Northern Myths and Legends
No Prerequisites
Instructor: Dr. Charles A. Grair
Office: FL 260
Charles.Grair@ttu.edu
Office Hours: Monday and Wednesday
12:00-2:00, and by appointment.
• Full text of Syllabus, Course Plan, and
Lecture notes are available online.
Course Website:
http://www.depts.ttu.edu/classic_modern/german/germ2313.php
Johann Gottfried Herder
1744 - 1803
A major figure of German intellectual history, he
influenced romantic age conceptions of culture and
history.
Champion of folk culture and folk literature.
Jacob (1785-1863)
Wilhelm (1786-1859)
Grimm
Interested in German history and cultural identity.
They studied folk tales, sagas, mythology, and
especially language and language history.
What is a myth?
• From the Greek word mythos, literally “utterance.”
• Colloquially, myth often denotes a common,
though untrue story.
• Originally a traditional story of gods and
goddesses in a cosmic setting in a remote past.
• An oral phenomenon, often survives in several at
times contradictory versions (esp. the case for
Germanic myth).
• Myth separate from religious beliefs and from
ritual practices, though often closely connected
• Myths represent a community’s distinctive view of
the world, its values and its goals, things of
collective importance.
What is a Legend?
• From a Latin root referring to collecting or
reading.
• Traditional stories of mortal heroes instead of
divine figures.
• Legends usually regarded as “history” by preliterate peoples, often have actual historical
basis (though greatly fictionalized).
• Legends celebrate people at the top of a
society, such as heroes, kings, dynasties, and
are usually linked with specific places and
times.
What is a folktale or a fairy tale?
• Folktales generally refer to stories about common
people, such as peasants and villagers.
• Fantastic elements are common, but feature only
lesser figures of popular imagination, witches,
giants, trolls, elves, dwarfs, etc.
• There is no historical basis to folk tales; the events
are “timeless” and set in a land far far away and
long long ago.
• Folk tales represent a peasant perspective rather
than the heroic perspective of legends or the
cosmic perspective of myths.
What is a saga?
• Collections of long narratives about a particular
individual, enterprise, locale, or family are often
termed sagas.
• A more precise definition refers to the prose
tales composed in Iceland from 1150 to 1450 CE,
based on traditional oral sources.
• Many different kinds of sagas were written in
Iceland, such as sagas of kings and saints, or of
ancient heroes.
• Icelandic family sagas are based on local history
passed down from the Viking age.
What can we learn from a myth?
• Myths provide a basic foundation for religion.

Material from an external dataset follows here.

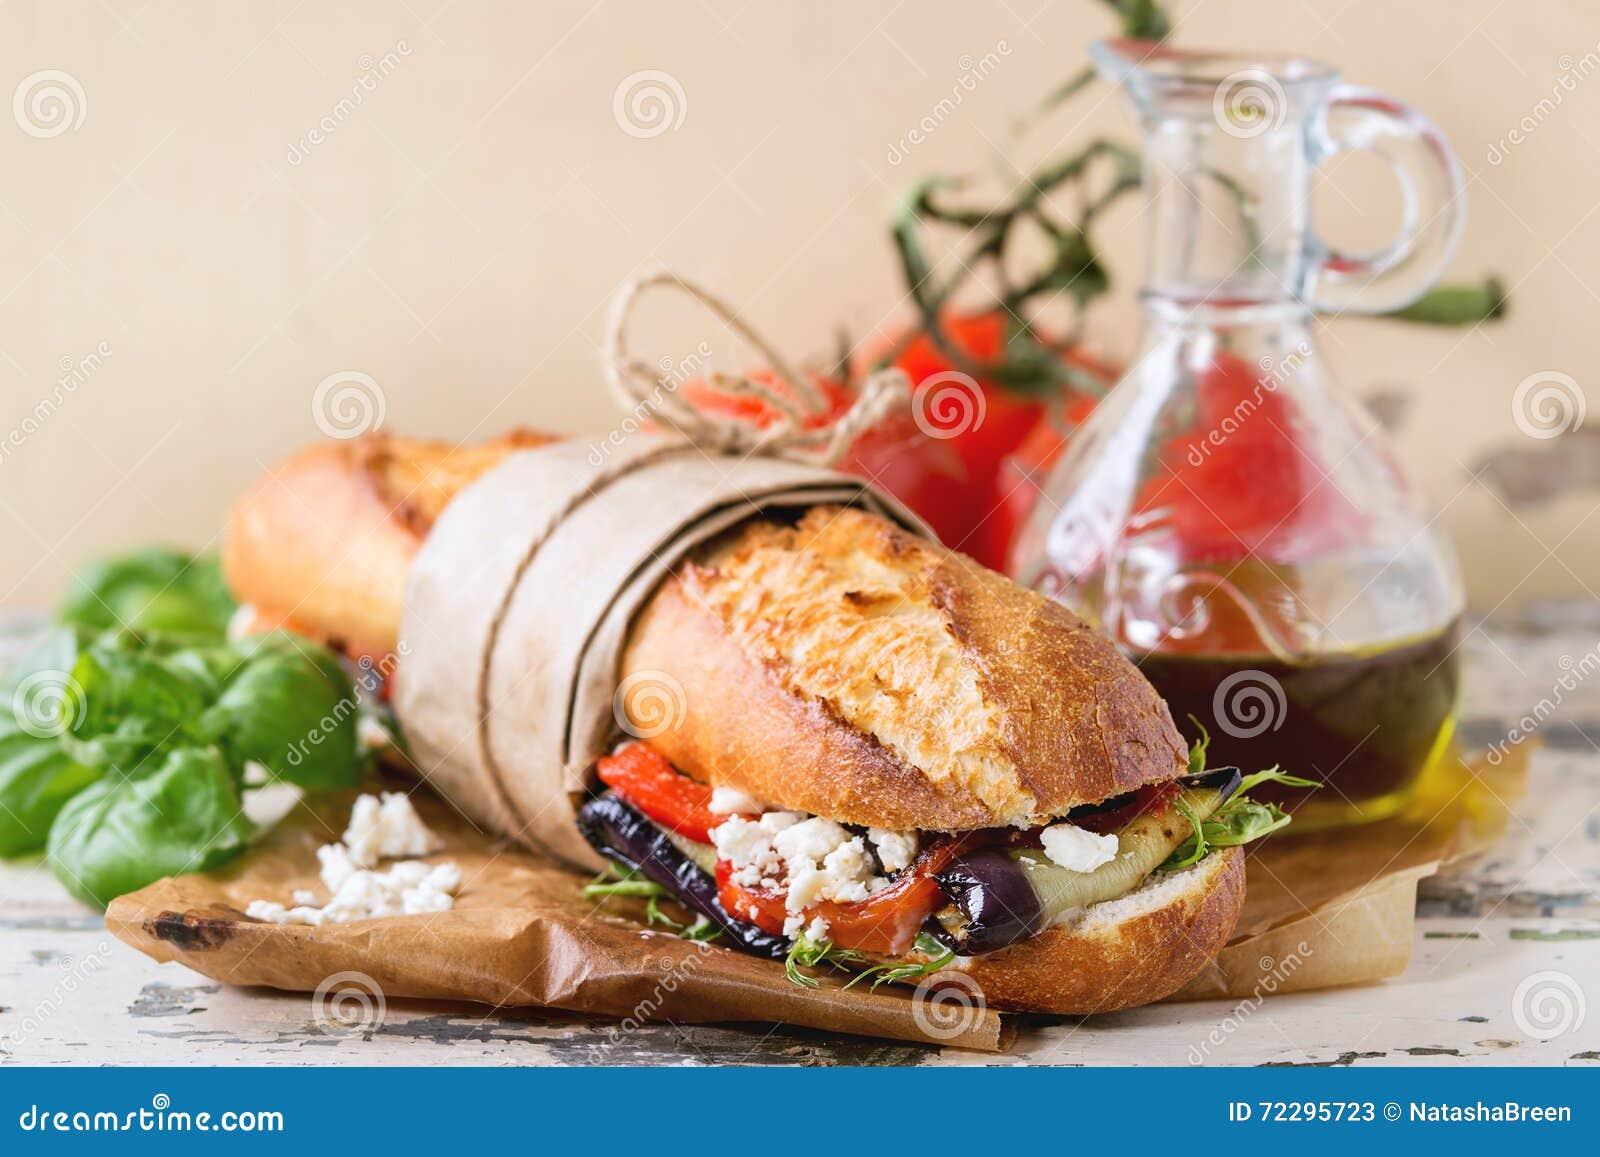 Download Вегетарианский сандвич багета Стоковое Изображение - изображение насчитывающей перец, сыр: 72295723

• Myths provide a context for cosmic and social order.
• Myths reveal what is important or sacred in a society.
• Myths provide continuity in belief and social
stability, thus also a legal or constitutional function.
• Myths provide the structure for rituals that define
and maintain identity.
• Myths thus help to guide behavior and give meaning
to life.
How can one interpret a myth?
1. Anthropological Perspective
This approach examines the functions the myths play
in the lives of people in a particular culture. In this
context, myths reflect cultural beliefs.
• What phenomena or events are explained in myths?
• What values are promoted by myths?
• What rituals celebrate or reenact myths?
• What cultural beliefs are supported or justified by
myths?
2. Psychological Perspective
This approach focuses on myths as projections of the
human psyche, as a way of speaking about the human
condition in ways not otherwise possible.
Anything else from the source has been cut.